David Bentley Hart, Atheist Delusions: The Christian Revolution and Its Fashionable Enemies (Yale, 2009). One of the intellectual highlights of my time as an editor for First Things
magazine was publishing the work of David Bentley Hart. Yes, he can be
insufferably pompous. (And yes, he was quite happy to serve as Roger
Kimball's hit man when it came time for the New Criterion to do its part for the conservative movement and savage my "extremely boring"
book.) Still, there is no denying Hart's polemical gifts or his
brilliance as a theologian and as an intellectual historian of
Christianity. With Atheist Delusions, he has written a learned
response to the "New Atheists" (Dennett, Dawkins, Harris, and Hitchens)
-- writers who, in Hart's view, exhibit astonishing ignorance and
superficiality compared to the greatest atheists of the past (Hume,
Gibbon, Nietzsche). His book aims to transform the New Atheists'
straw-man version of Christianity into a warrior capable of defending
himself against antagonists both sublime and ridiculous. Anyone
interested in taking the debate about God to the next level should read
and reflect on Hart's spirited brief on behalf of Christian truth.
Michelle Goldberg, The Means of Reproduction: Sex, Power, and the Future of the World
(Penguin, 2009). Author of one of the first (and still the most richly
reported) books about the American religious right during the early
years of this decade (Kingdom Coming),
Goldberg has now turned her attention to the rest of the world. In a
series of engaging and troubling chapters, she examines the "one thing
that unites cultural conservatives throughout the world" -- namely, the
view that "women's equality and self-possession" is "unnatural, a
violation of the established order." Her book is a sharply critical
(and deeply informed) examination of the misogynistic ideas and fears
that link Protestant fundamentalists, Islamists, Hindu Nationalists,
ultra-Orthodox Jews, and ultramontane Catholics into a global
inter-religious movement that aims to curtail the rights of women and
stamp out feminist ideals. Highly recommended for those interested in
understanding the culture war and/or waging it from the secular-liberal
side.
Jonathan Lear, Radical Hope: Ethics in the Face of Cultural Devastation (Harvard, 2006) and Open-Minded: Working Out the Logic of the Soul
(Harvard, 1998). Do you know the work of Jonathan Lear? You should.
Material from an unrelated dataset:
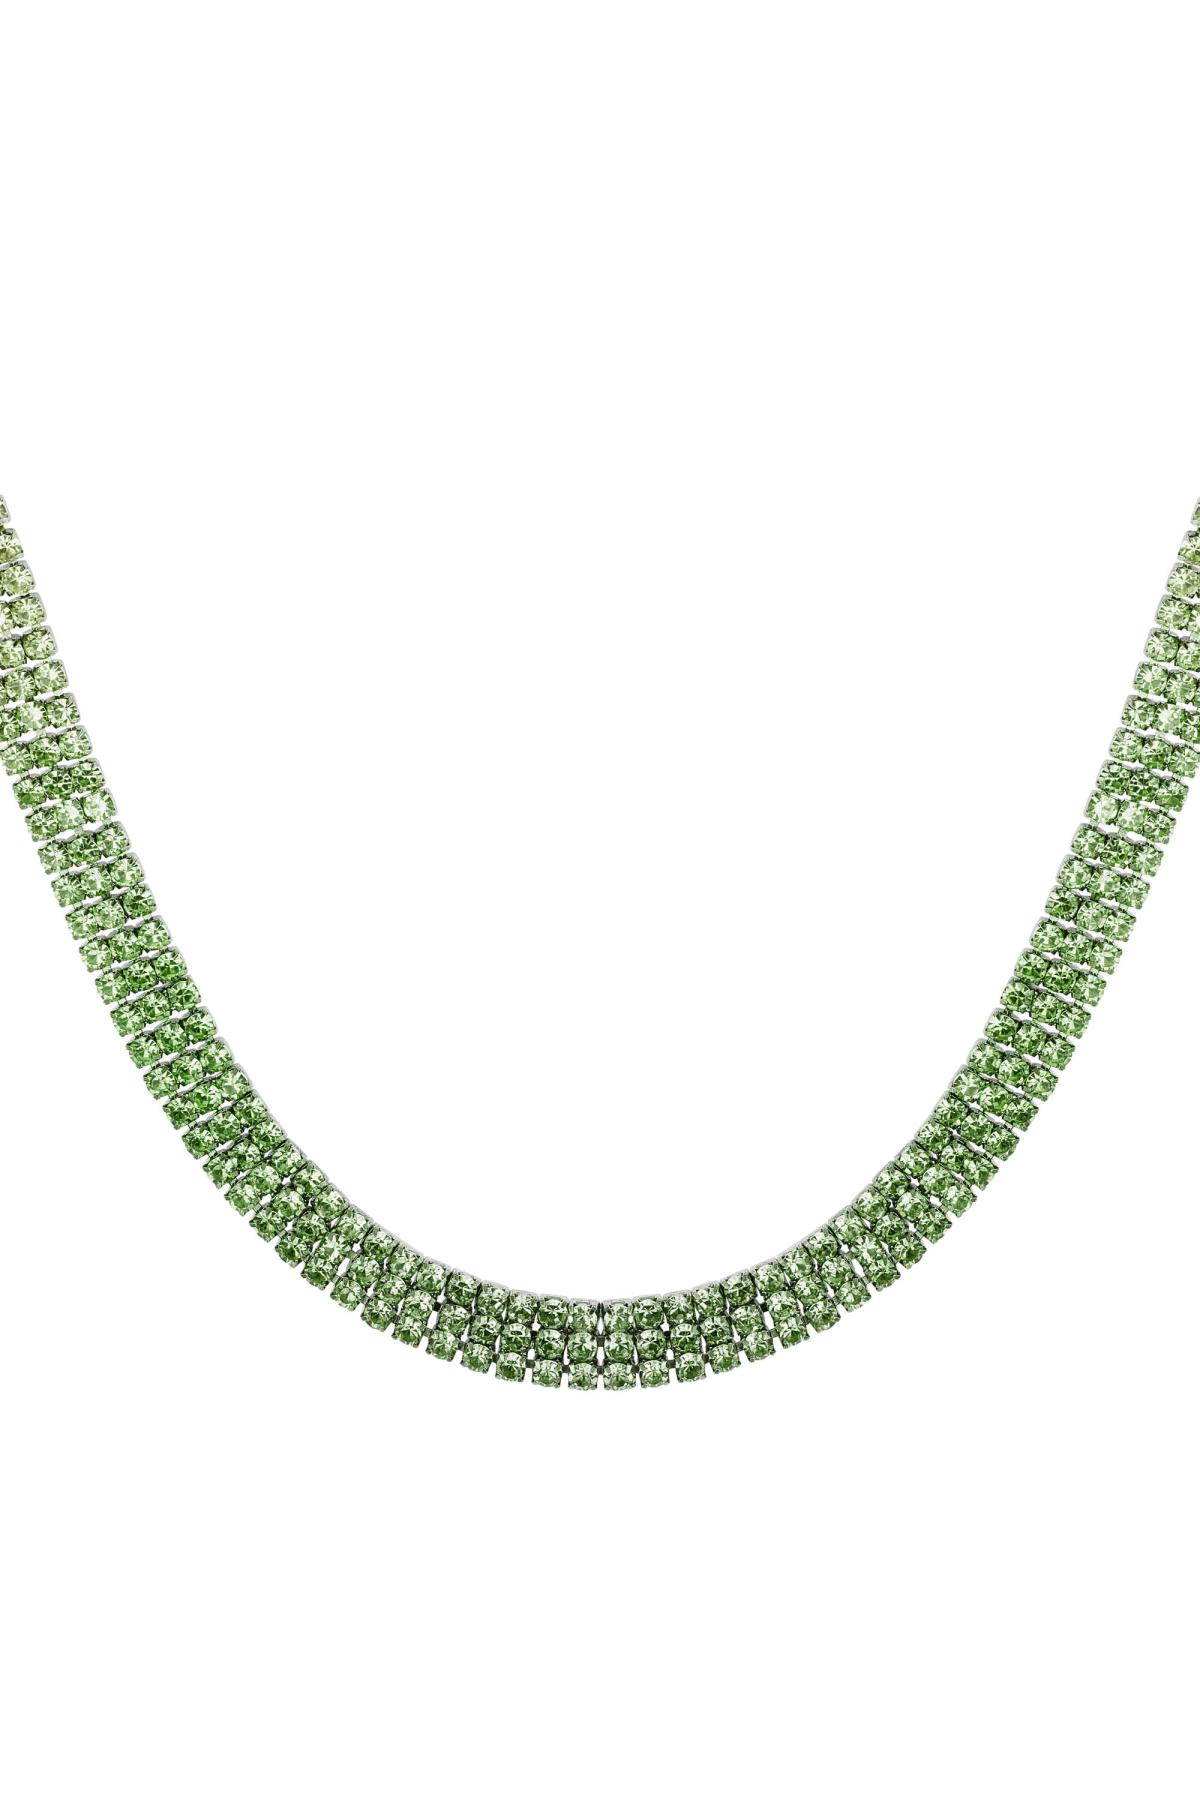 Halskette mit festlichen Strasssteinen - Holiday essentials Grün & Silber Kupfer h5

In
an age when a motley crew of feminists, evolutionary and cognitive
psychologists, right-wing culture critics, and pharmaceutical and
insurance companies have formed an unlikely alliance in furious
opposition to Freudian psychoanalysis, Lear (an accomplished
philosopher at the University of Chicago and a practicing
psychoanalyst) has taken on the important but thankless task of
defending Freud against his critics and mounting a sophisticated
defense of psychoanalysis as a highly effective method for achieving
the ancient philosophical goal of self-knowledge. Open-Minded contains some of his most accessible (and stimulating) essays, one of which was originally published in TNR back in 1995. Radical Hope
is something very different -- namely, an attempt to explore (using a
mix of philosophical and psychoanalytic concepts) the meaning(s) of a
haunting, elliptical utterance of Plenty Coups, the last great Chief of
the Native-American Crow Nation: "When the buffalo went away the hearts
of my people fell to the ground, and they could not lift them up again.
After this nothing happened." What might Plenty Coups have meant in
saying that "nothing happened" after the culture of his people had been
destroyed? Lear uses this question as an occasion to reflect both on
the fate of the Crow and more broadly on the human capacity to cope
with the most shattering of experiences: cultural annihilation. It is a
remarkable book, as profound as it is original.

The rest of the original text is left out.